Exactly the lines from the one with "Ideal for Voting" through the end of the data below must be set down, and no pictures with them.

(Input data)

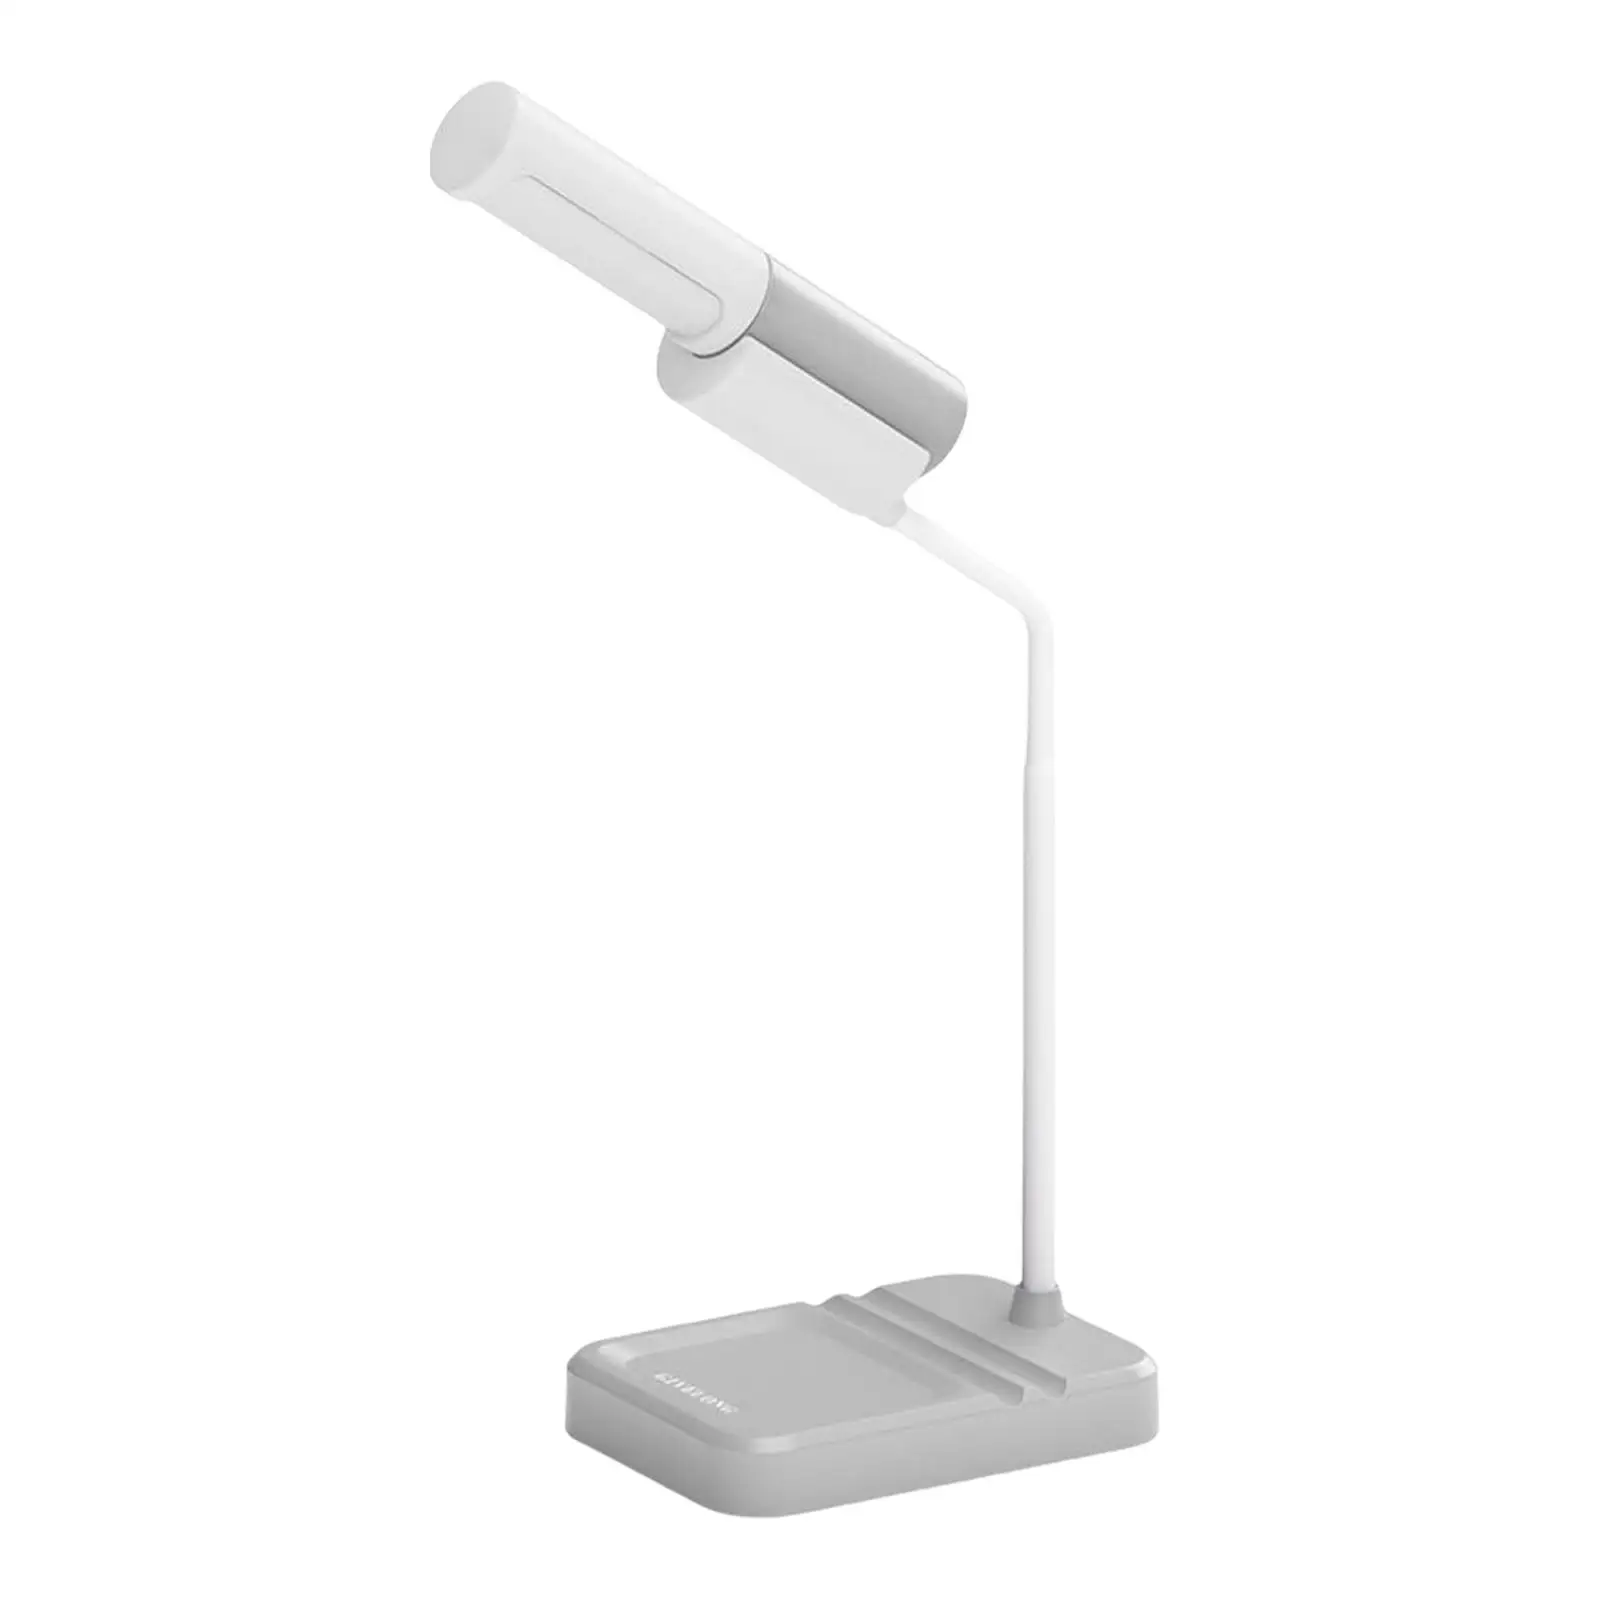 Dimmable Desk Lamp Table Light USB Rechargeable Eye Caring Detachable Flashlight Night Light for Office Bedroom Bedside Home
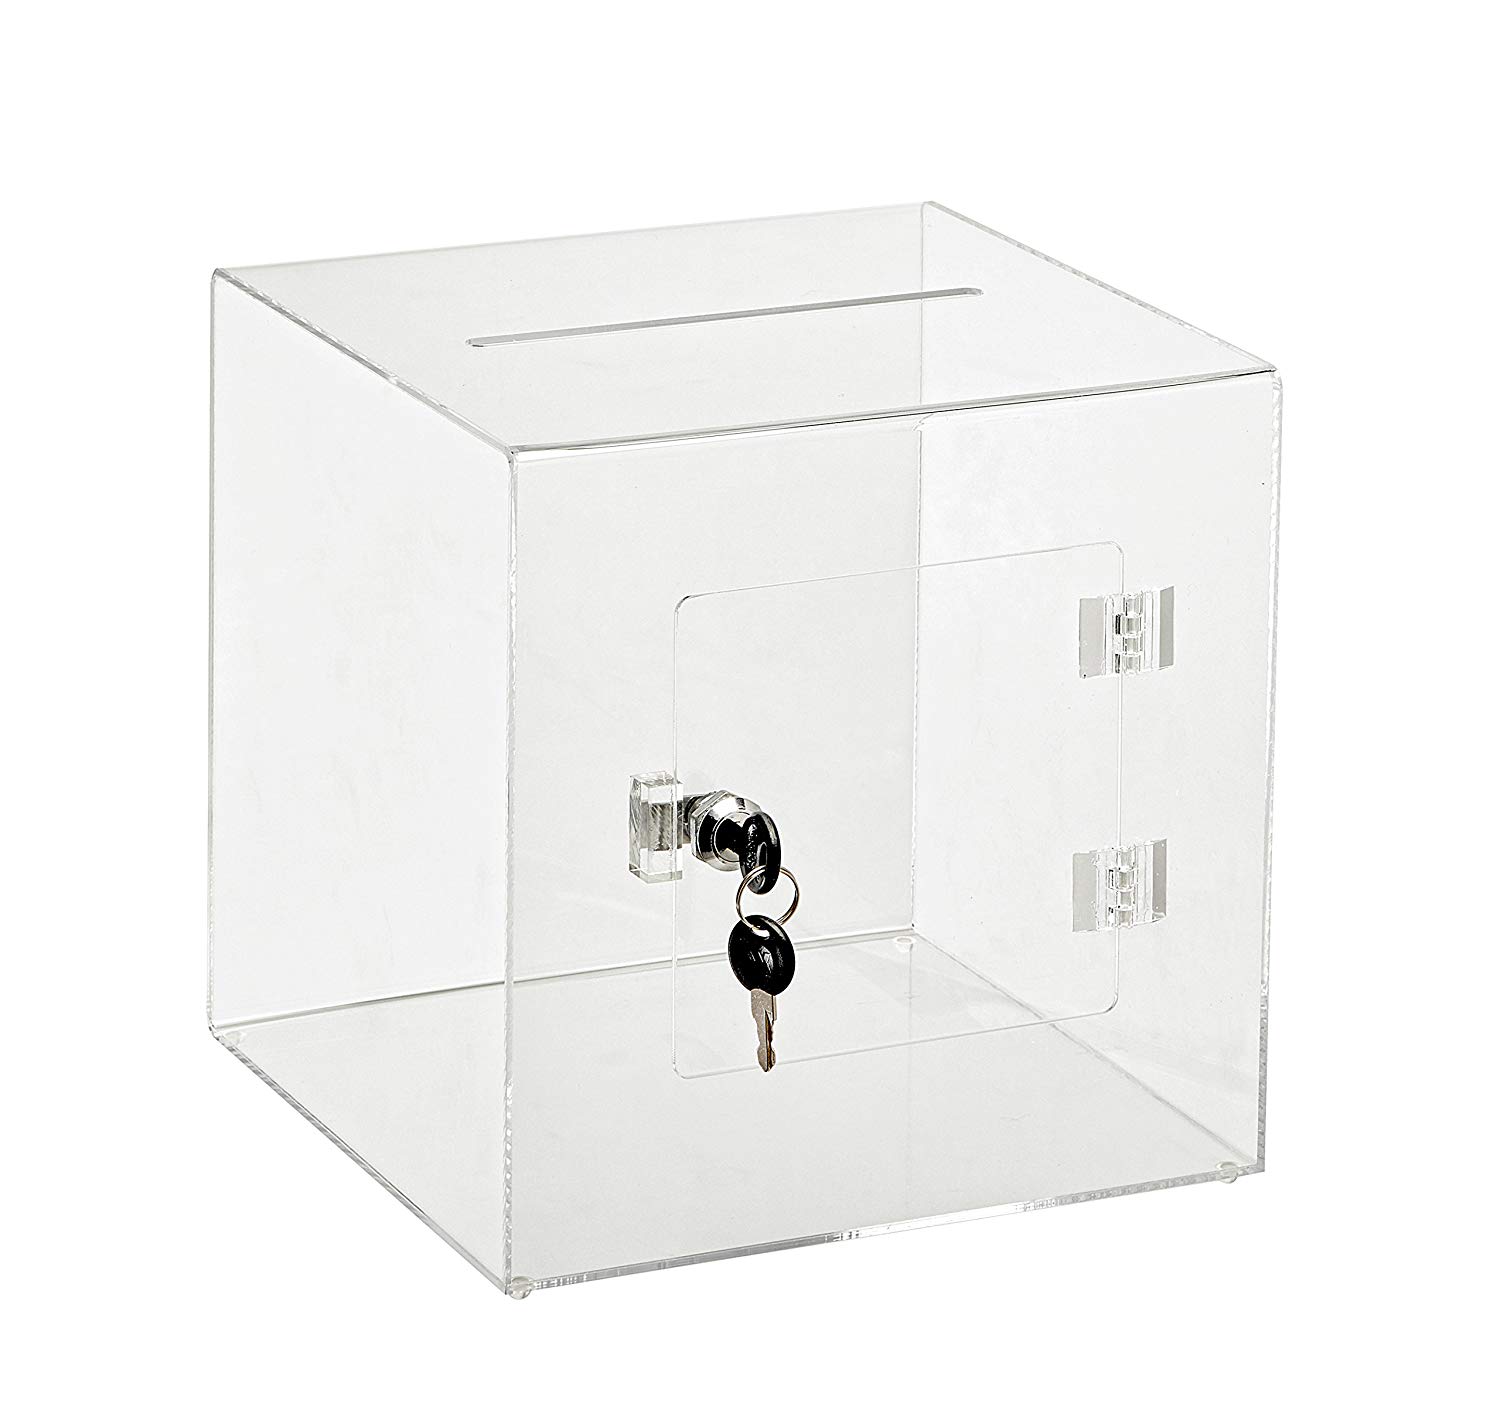 Ideal for Voting Charity & Suggestion Collection Durable Acrylic Box with Lock AdirOffice 10 x 10 Acrylic Ballot Box Donation Box with Easy Open Rear Door Crystal Blue
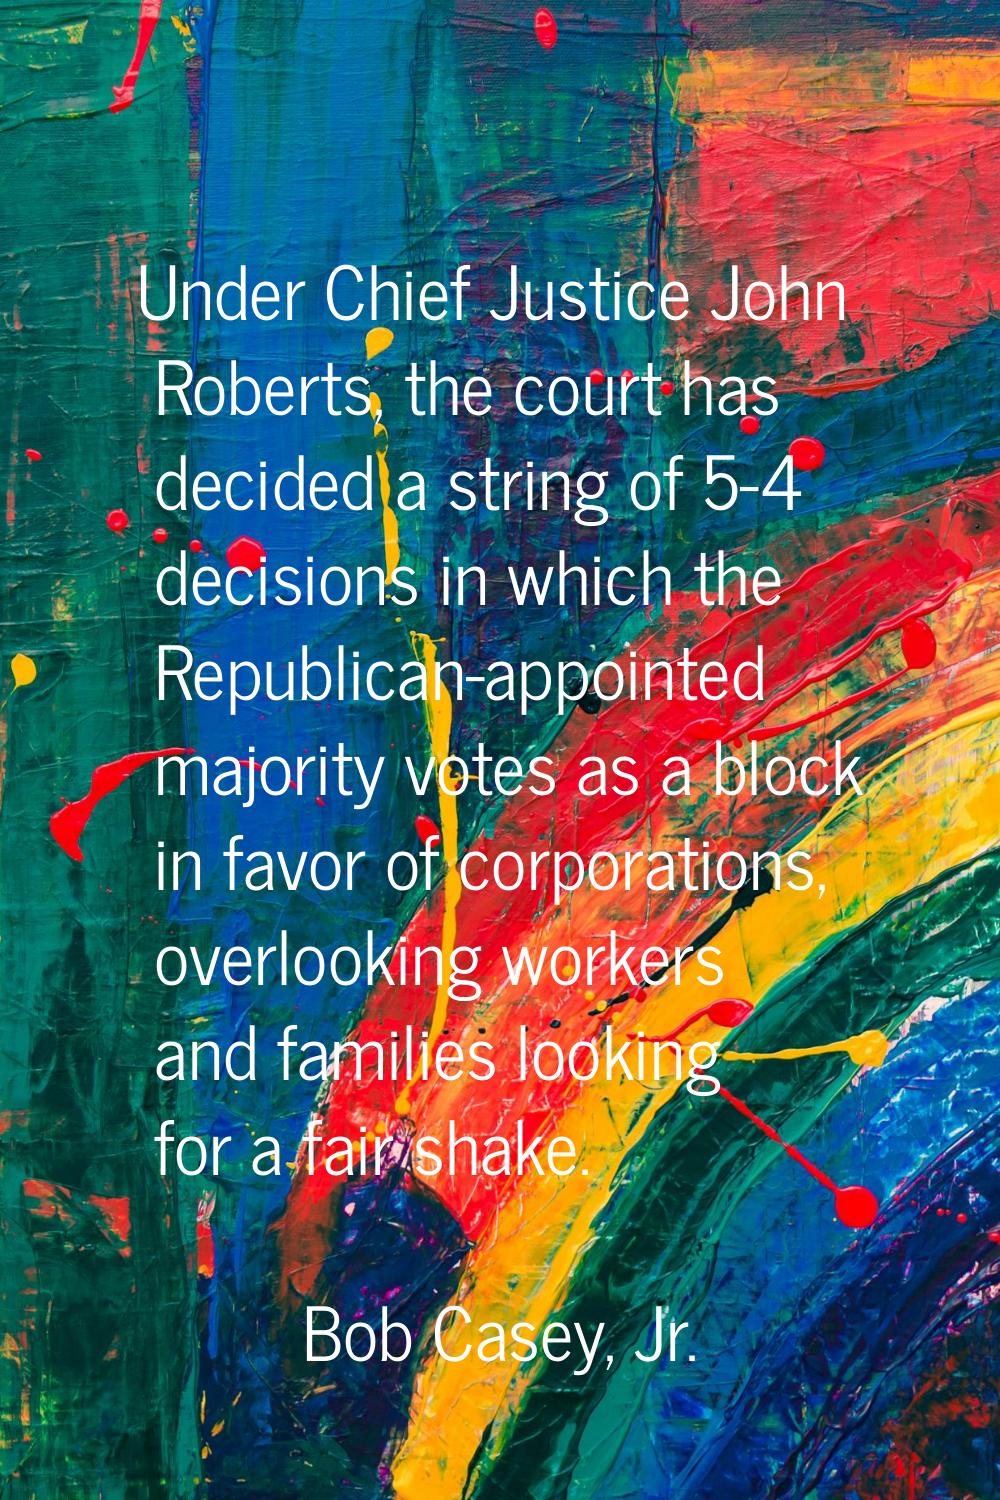 Under Chief Justice John Roberts, the court has decided a string of 5-4 decisions in which the Repu

(End Input data)

Written solution
 Ideal for Voting Charity & Suggestion Collection Durable Acrylic Box with Lock AdirOffice 10 x 10 Acrylic Ballot Box Donation Box with Easy Open Rear Door Crystal Blue
 Under Chief Justice John Roberts, the court has decided a string of 5-4 decisions in which the Repu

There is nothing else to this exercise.